The Affair Season 4 (Showtime):
Season 3 of The Affair was so hard to watch, especially in retrospect, knowing what we do now about Brendan Fraiser’s #metoo moment. Plus, the show’s quirky gimmick–of showing multiple scenes played out through different character POV’s, like some Hampton’s version of Rashamon–couldn’t really sustain itself after answering the show’s central question: “Who killed Scotty Lockhart after his amazing Twin Peaks audition?”
But showrunner and creator Sarah Treem promises big things for this season, and we can already see that played out in a locale change: Noah Solloway is now in Los Angeles, still trying his best to be a teacher despite his terrible track record of sleeping with students, sleeping with faculty, sleeping with…oh sh*t, remember that time there was a hurricane and Noah got stuck at this Manhattan book party and ended up in hot tub with two hot, nubile women making out, and when Noah tried to join in, it turns out one of the women was his teenage daughter?
It’s really hard to feel bad for Noah Solloway, but at least this in LA promises a little more diversity than its New York counterparts; where it was not that unbelievable for a sheltered Brooklyn author who summers in Montauk might not know any black people outside the one cop who’s tailing him.
Call my reaction: dubious, but enthused.
Strange Angel (CBS All Access):
I know we all laughed at the idea of a CBS “special” all-streaming channel when the concept was first introduced, but after hosting the rebooted Star Trek on the service and all the breathless talk of a Kevin Williamson renaissance on the app, I think we can all agree that the All Access is legit.

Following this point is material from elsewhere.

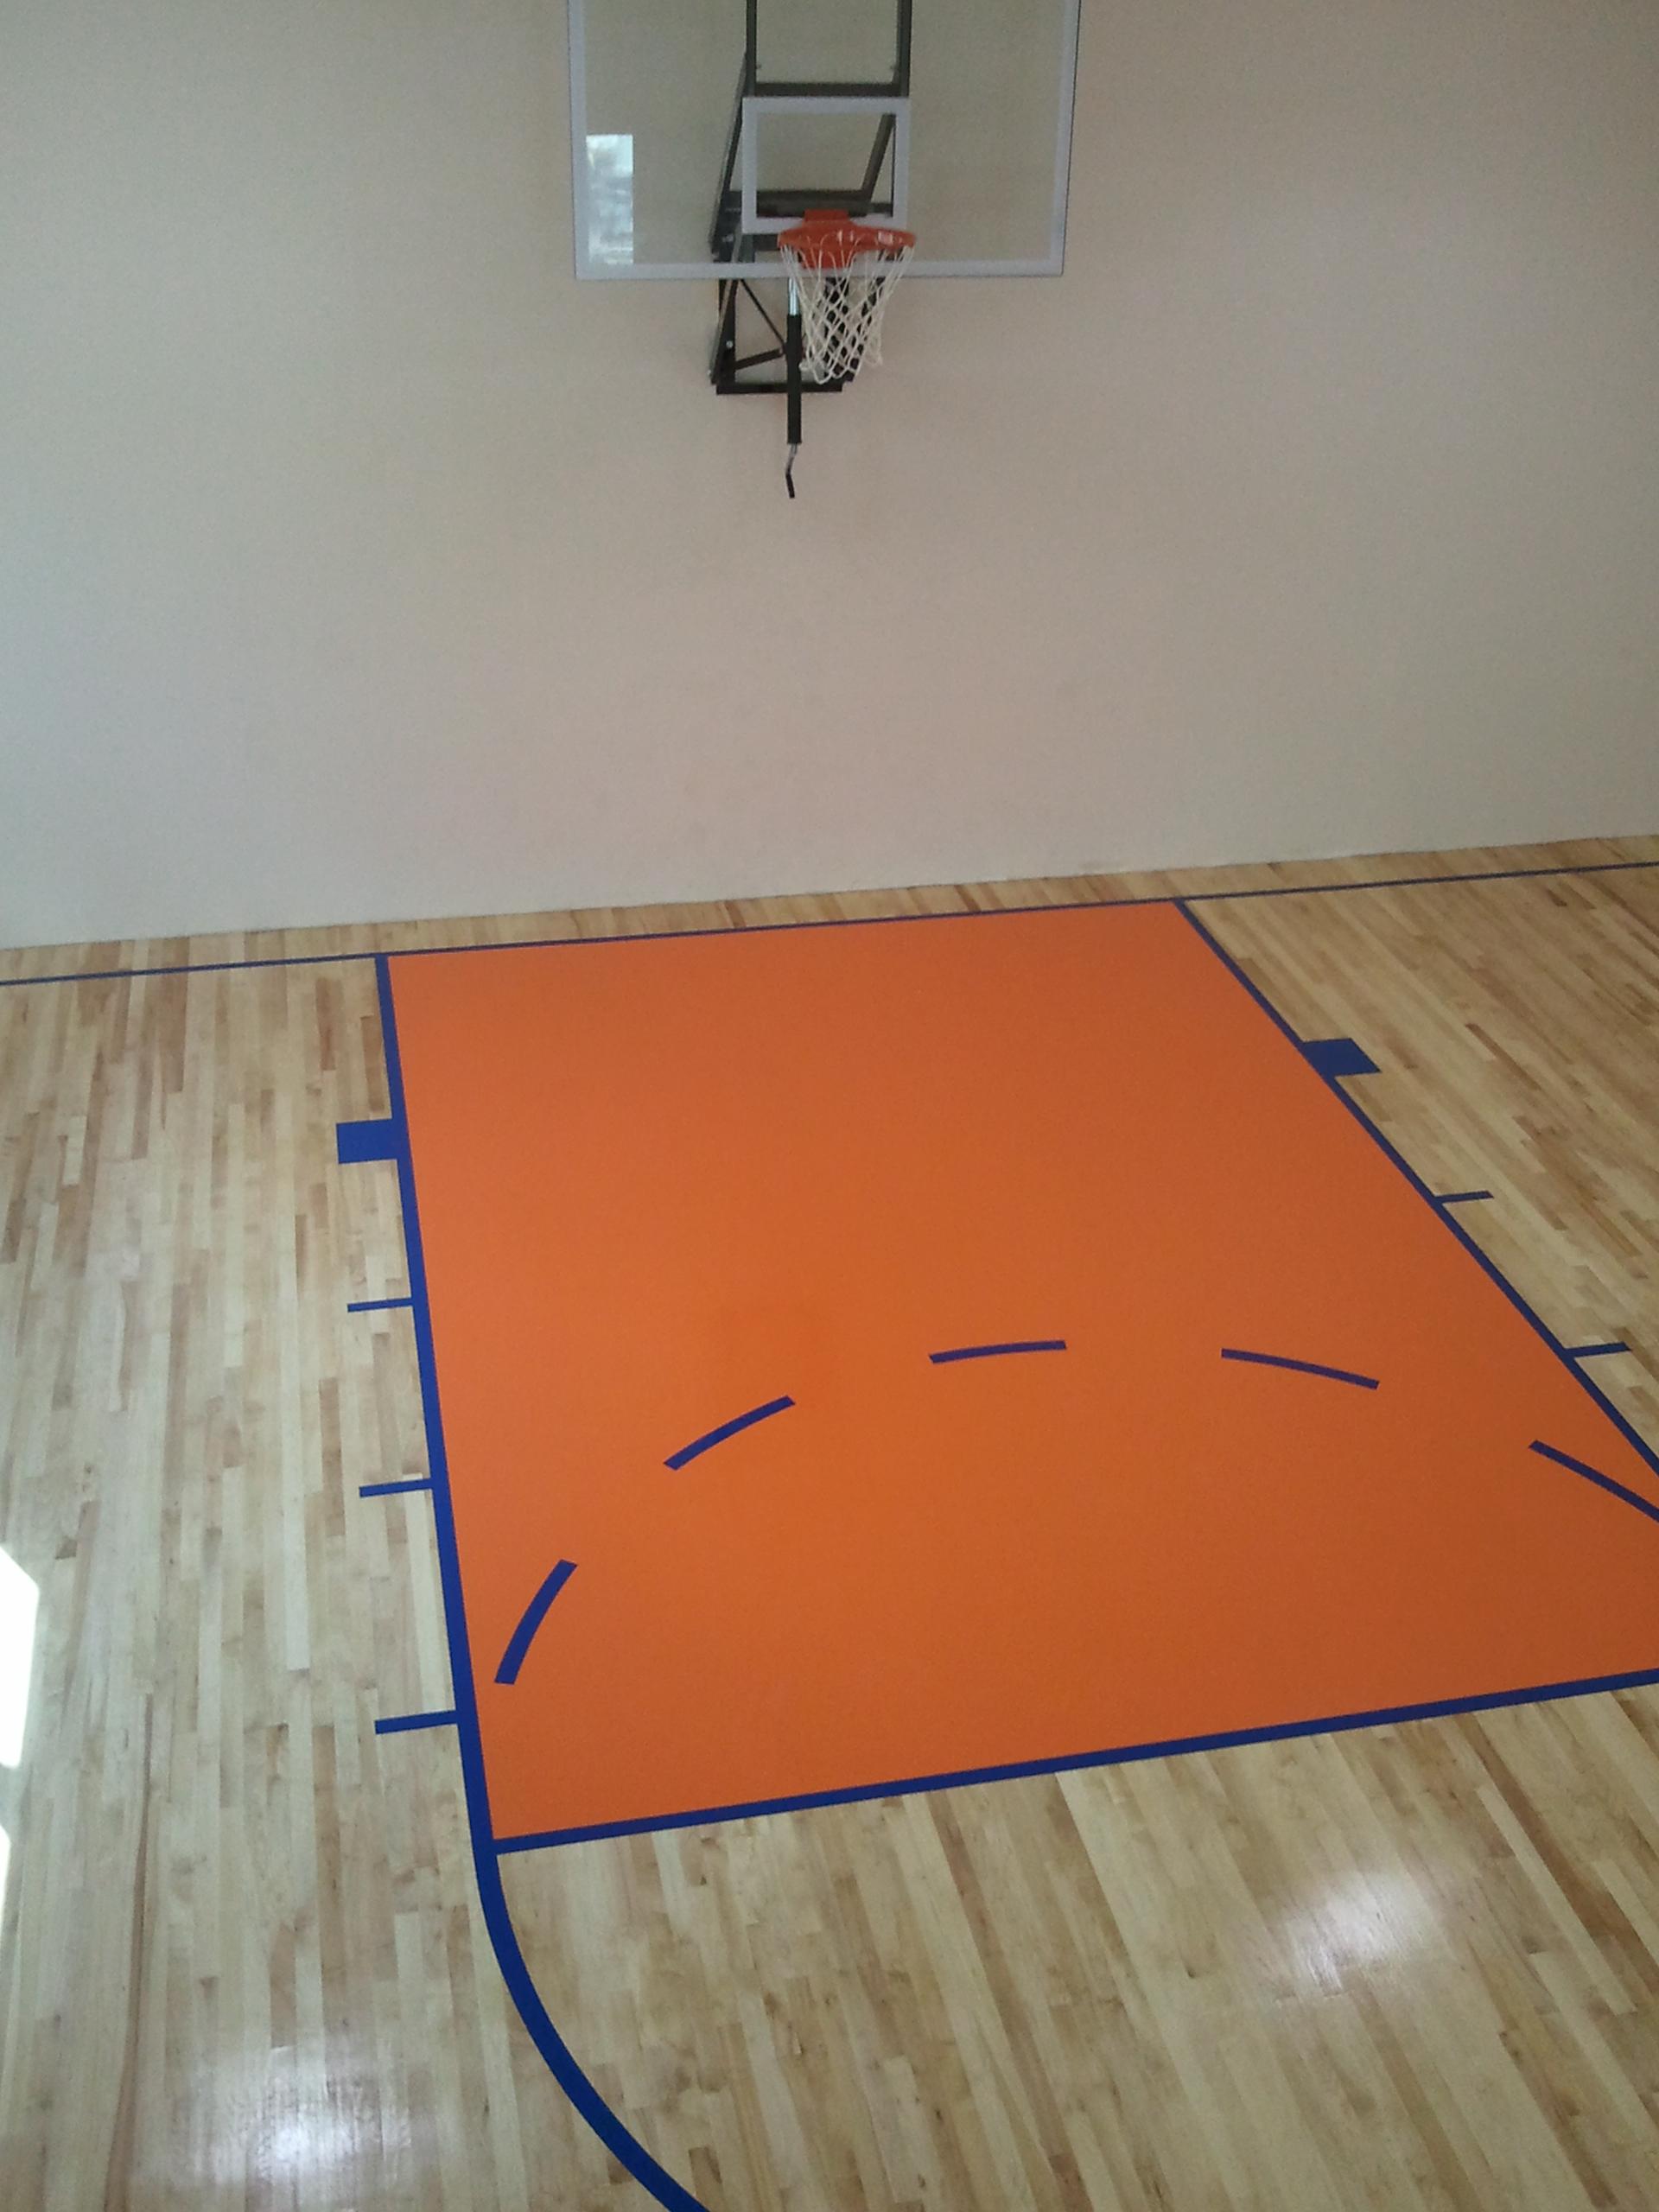 to chemically l strip basketball wood how com floors floor woodfloordoctor

The show that’s really going to make it or break it for me though is Mark Heyman’s (Black Swan, The Skeleton Twins) new show, Strange Angel, based on the biography Strange Angel: The Otherworldly Life of Rocket Scientist John Whiteside Parsons by George Pendle. Now “Jack Parsons” was a real man, and if you don’t already know his seriously bonkers story, check out Deadline’s description: (Jack) Reynor will play Jack Parsons, a brilliant and ambitious blue-collar worker of 1930s Los Angeles who started as a janitor at a chemical factory but had fantastical dreams that led him to birth the unknown discipline of American rocketry. Along the way, he fell into a mysterious world that included sex magic rituals at night, and he became a disciple of occultist Aleister Crowley. Parsons used Crowley’s teachings of self-actualization to support his unimaginable and unprecedented endeavor to the stars.

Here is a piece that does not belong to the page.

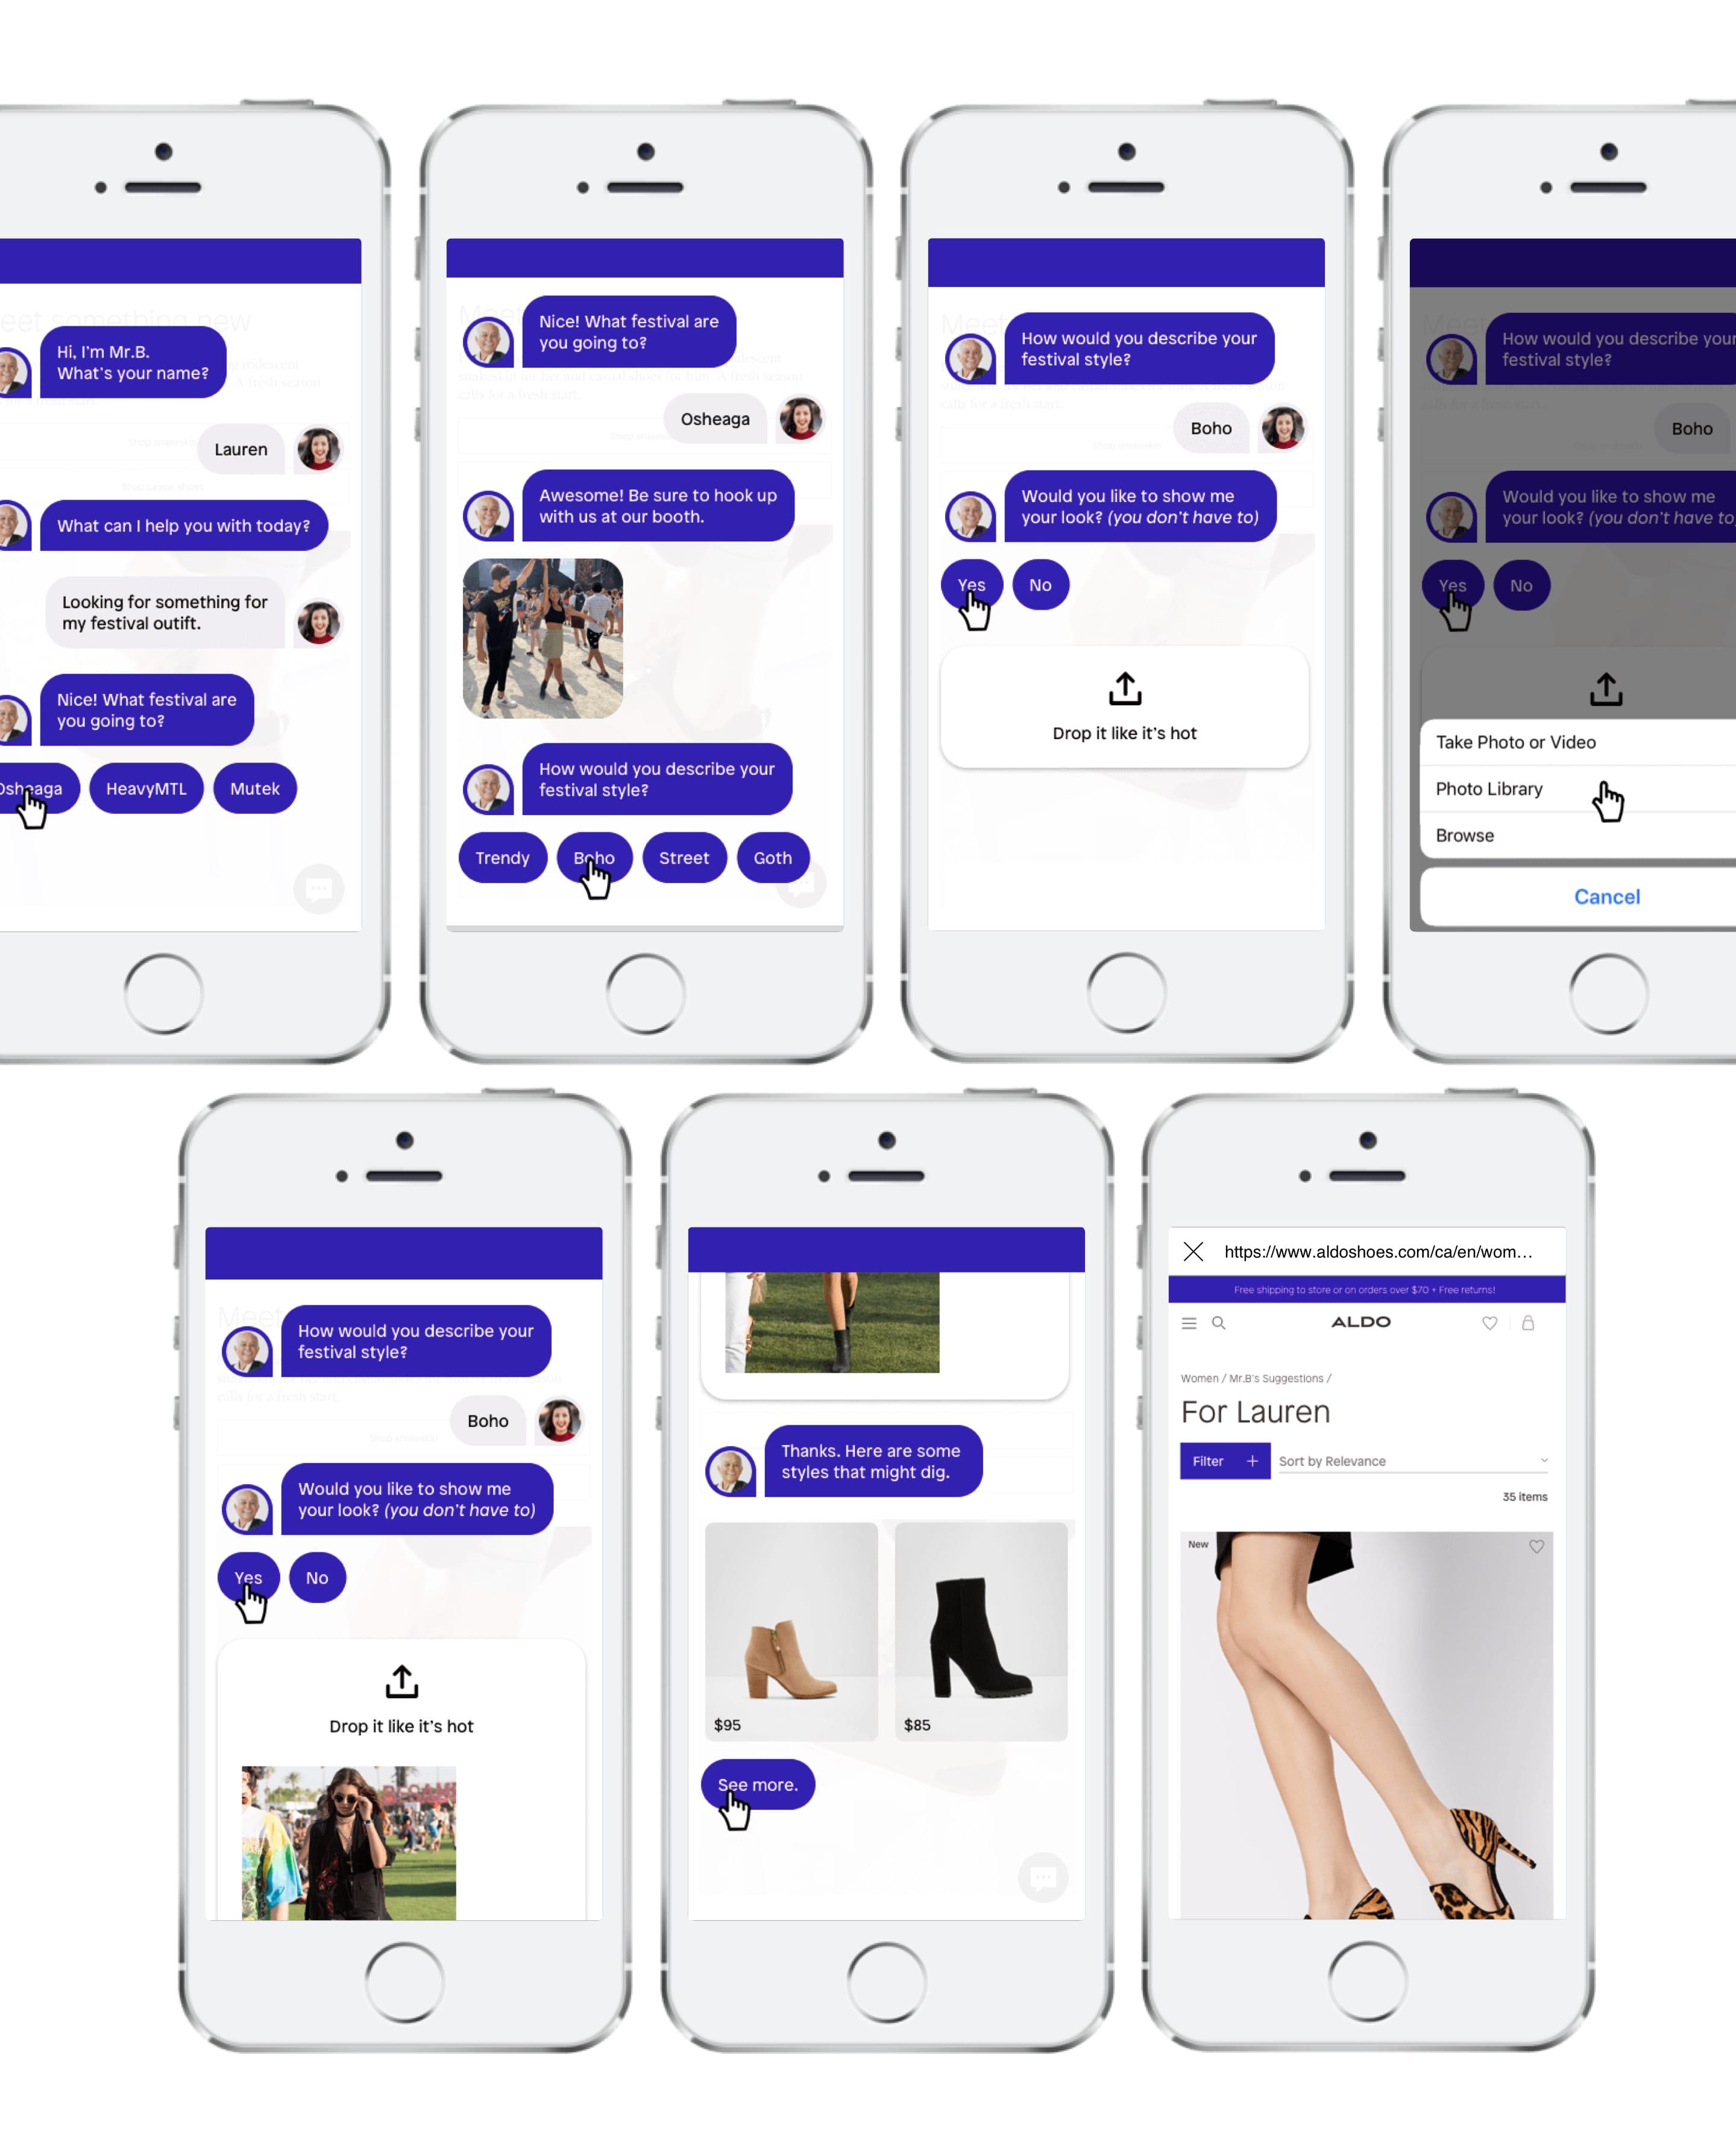 Chatbot conversation - virtual stylist - festival styles.

Look, I don’t know about you, but scripts about the early days of rocket launches and space exploration are usually super, super dry. It’s definitely Oscar-bait, but short of Captain America, the whole narrative just seems so…not fun. Maybe because there were so few women involved? (And I know, I know, Hidden Figures. Didn’t I just say this stuff is Oscar-bait?)

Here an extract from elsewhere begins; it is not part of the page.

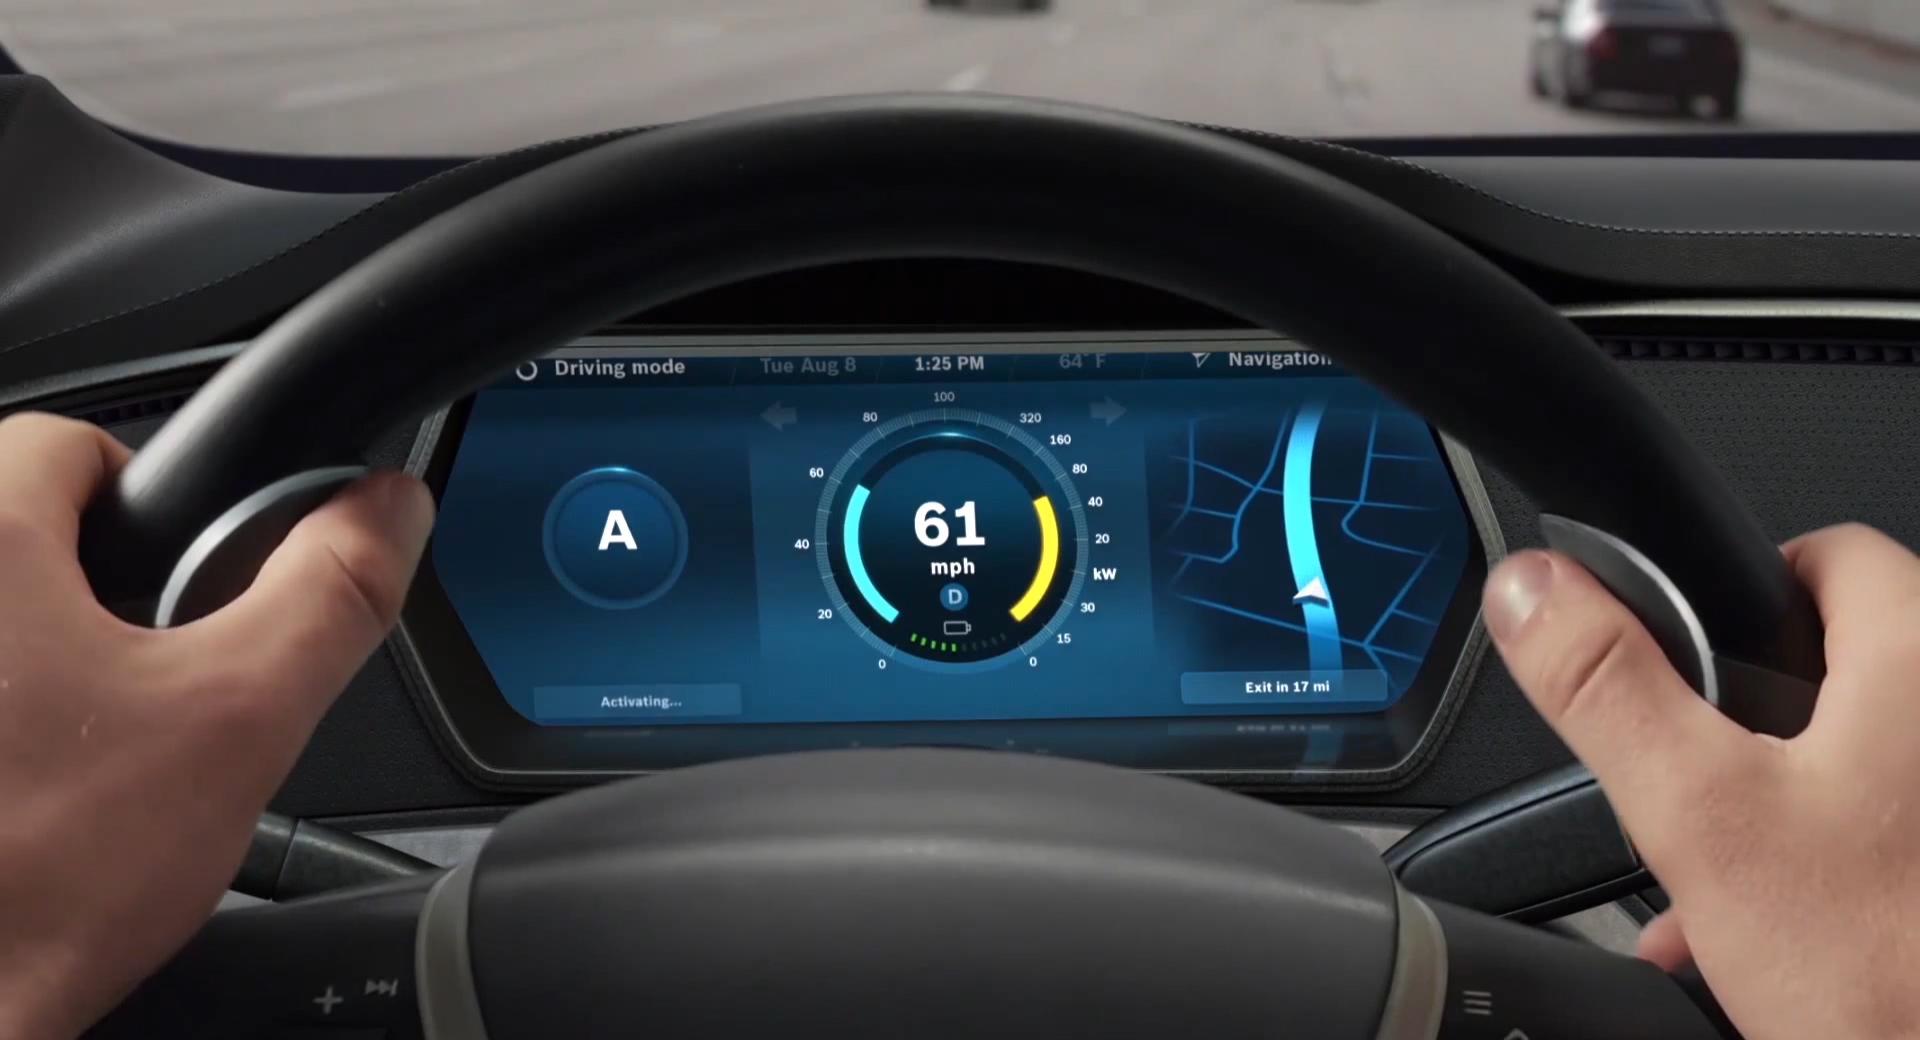 Gizmodo – Bosch Automated Car Vision

Really, the space race is an all-American narrative, mainly because we won over the Russians; and we’ve seen and heard these tropes a million times; about how the United States just had these brilliant and stoic men ready to go into the unknown and leave their families behind for their country.
It’s about time (or something relative) that someone told the story from a different perspective: why not a brilliant, scientific mind that’s not so rigid that it can’t understand the importance of both aeronautical engineering, high explosives technologies AND sex magic?
After all, Parsons invented the “first rocket engine to use a castable, composite rocket propellant, and pioneered the advancement of both liquid-fuel and solid-fuel rockets.” If not for the teachings of Aleister Crowley, maybe Parsons’ never would have figured it out. Maybe Parson’s would have been too sexually frustrated by the 1940s rigid morality to do anything other than sit at home and play with his own personal liquid-fuel rocket (if you know what I mean).